North could open 2NT with a balanced hand and 20 to 21 points, but his hand is not balanced and his hand is more valuable than that with a singleton ace.

He does not open a major because he does not have a five-card major. Therefore, he opens one of his better minor, diamonds. South has four or more spades and bids one spade. With spades as trump, North knows that they have more than the 25 points needed for four spades. Therefore, he jumps to four spades which gets passed out.

South wins the opening heart lead with the ace and takes the spade finesse which wins. He cashes the ace of spades and trumps are drawn.

Ruffing Finesse: Because declarer has a singleton diamond opposite the AQJ1098, he does not take the normal finesse because if it wins he cannot repeat it. He could ruff until the king falls, but the best way to play diamonds is to cash the ace and put the queen on the table. If the king covers the queen, ruff. Otherwise, if East ducks, pitch a club.

There is not enough trump in dummy to ruff three clubs and one heart, therefore it is best to draw trump and work with diamonds.

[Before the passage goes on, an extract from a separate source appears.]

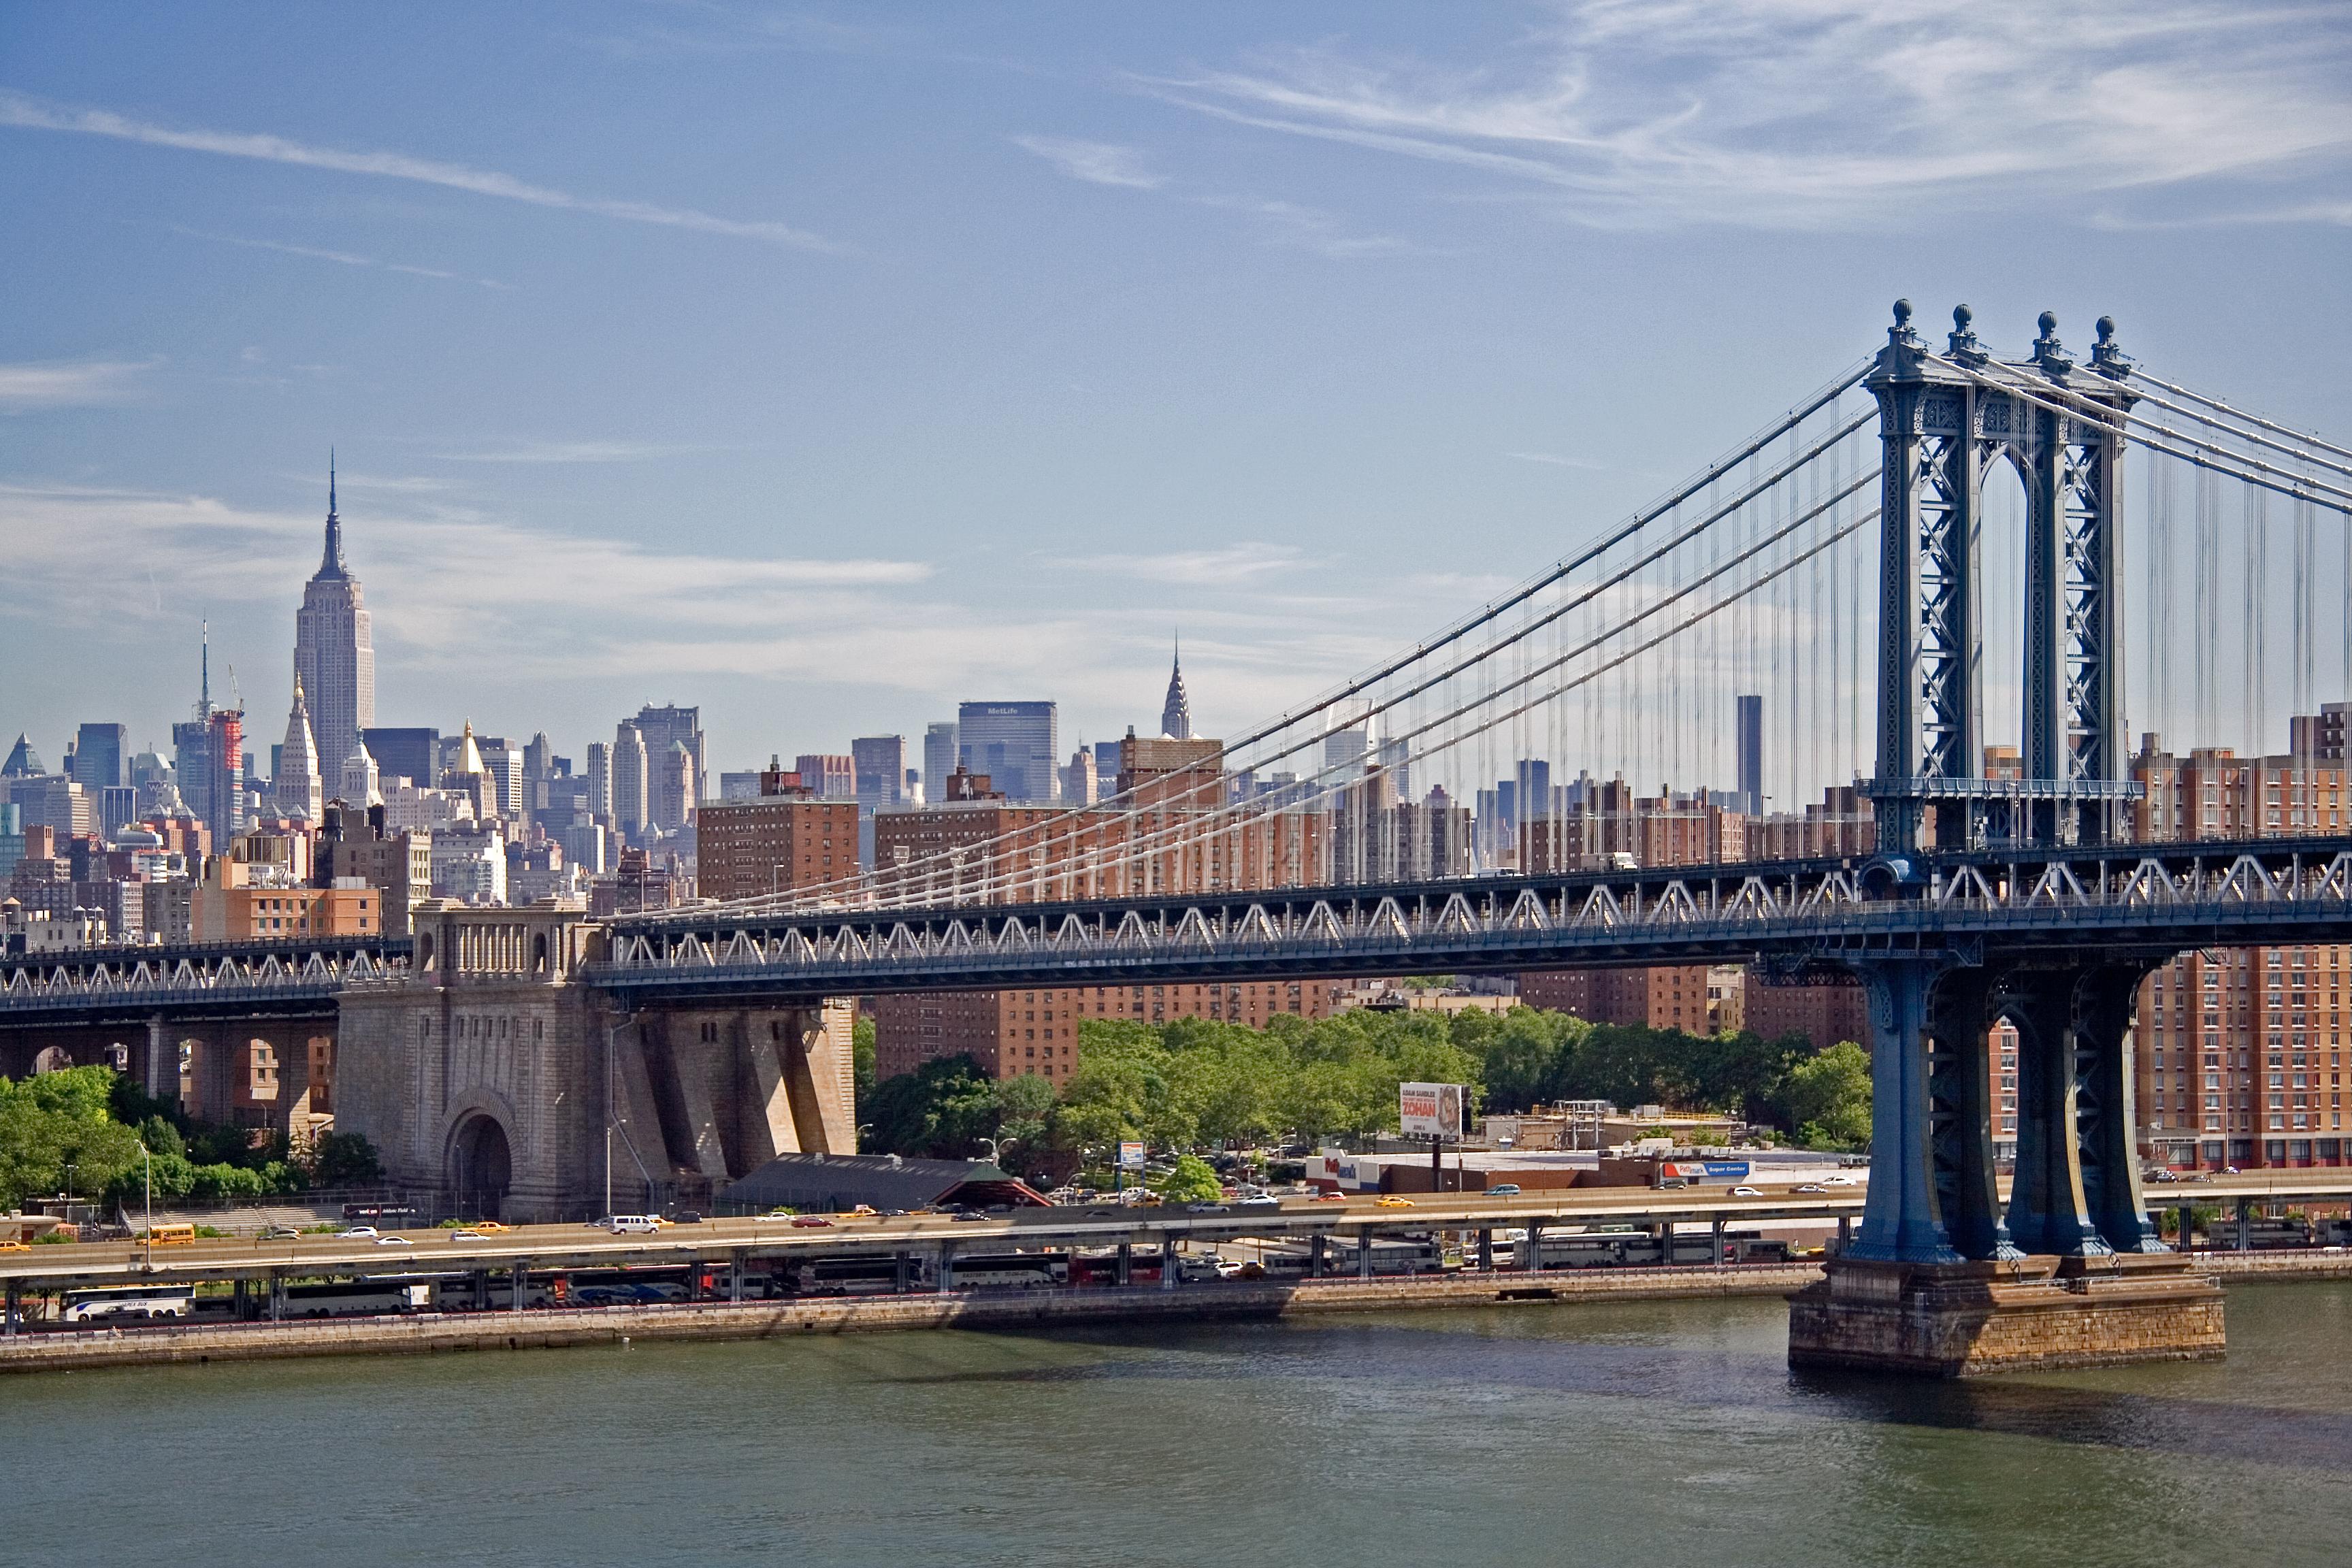 manhattan bridge Manhattan bridge, nyc puzzle in bridges jigsaw puzzles on thejigsawpuzzlescom play full screen, enjoy puzzle of the day and thousands more.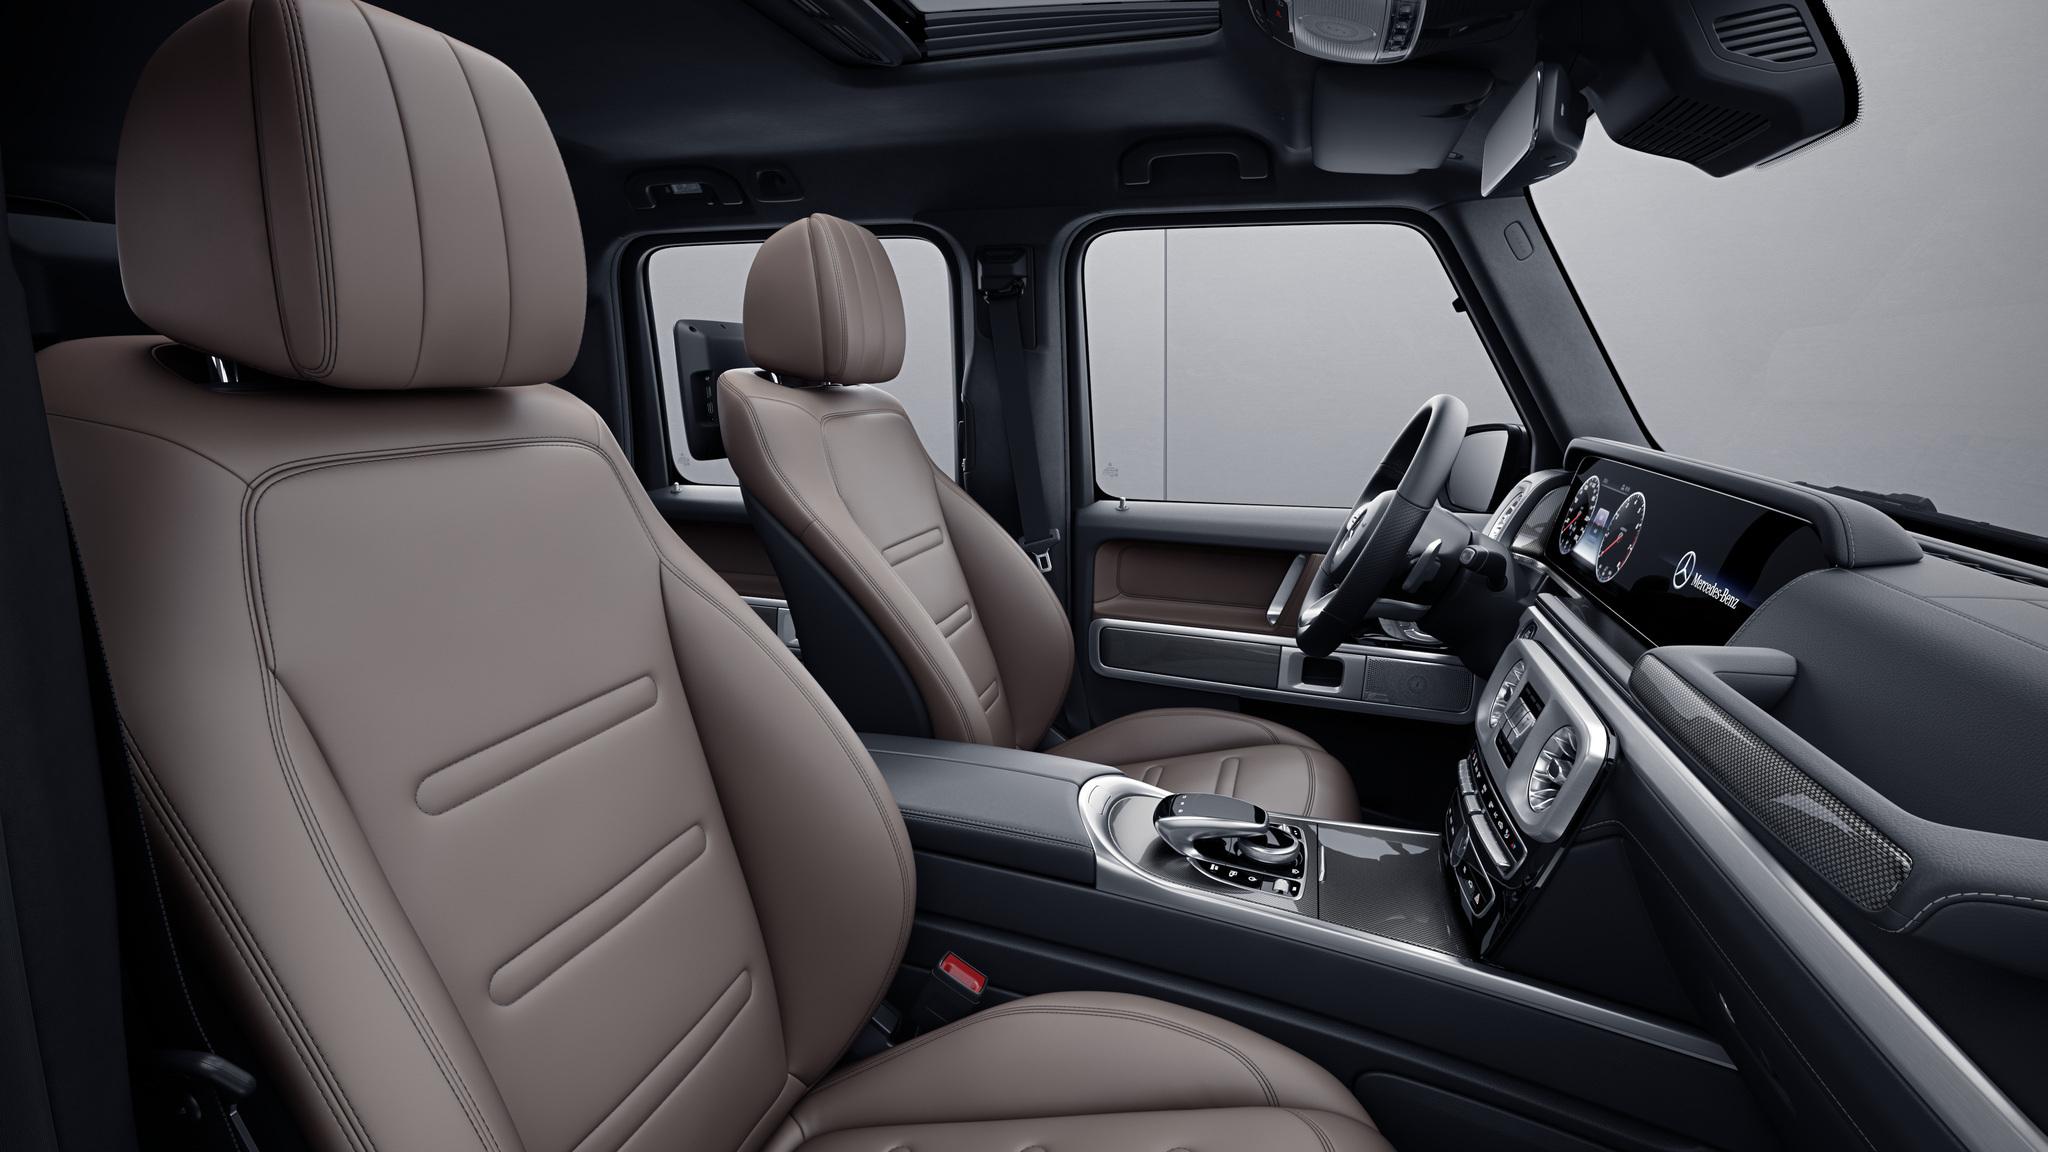 Habitacle de la Mercedes Classe G avec une Sellerie cuir nappa bicolore - maron tartuffe noir

The queen of diamonds wins and then East covers the jack. South ruffs and uses the setup diamonds to pitch all of his losers.

Result: South makes four spades plus three for +510.

Notes:

-South could cash his side suit winners and try a cross-ruff. However, that is not the proper method with such a strong side suit like diamonds.

-Should South be in slam since seven spades makes? No, because two finesses worked and  South only had a wasted jack opposite North’s singleton ace of clubs. It just worked out. One should not be in slam unless North splinters in clubs. That is an advanced topic for another column.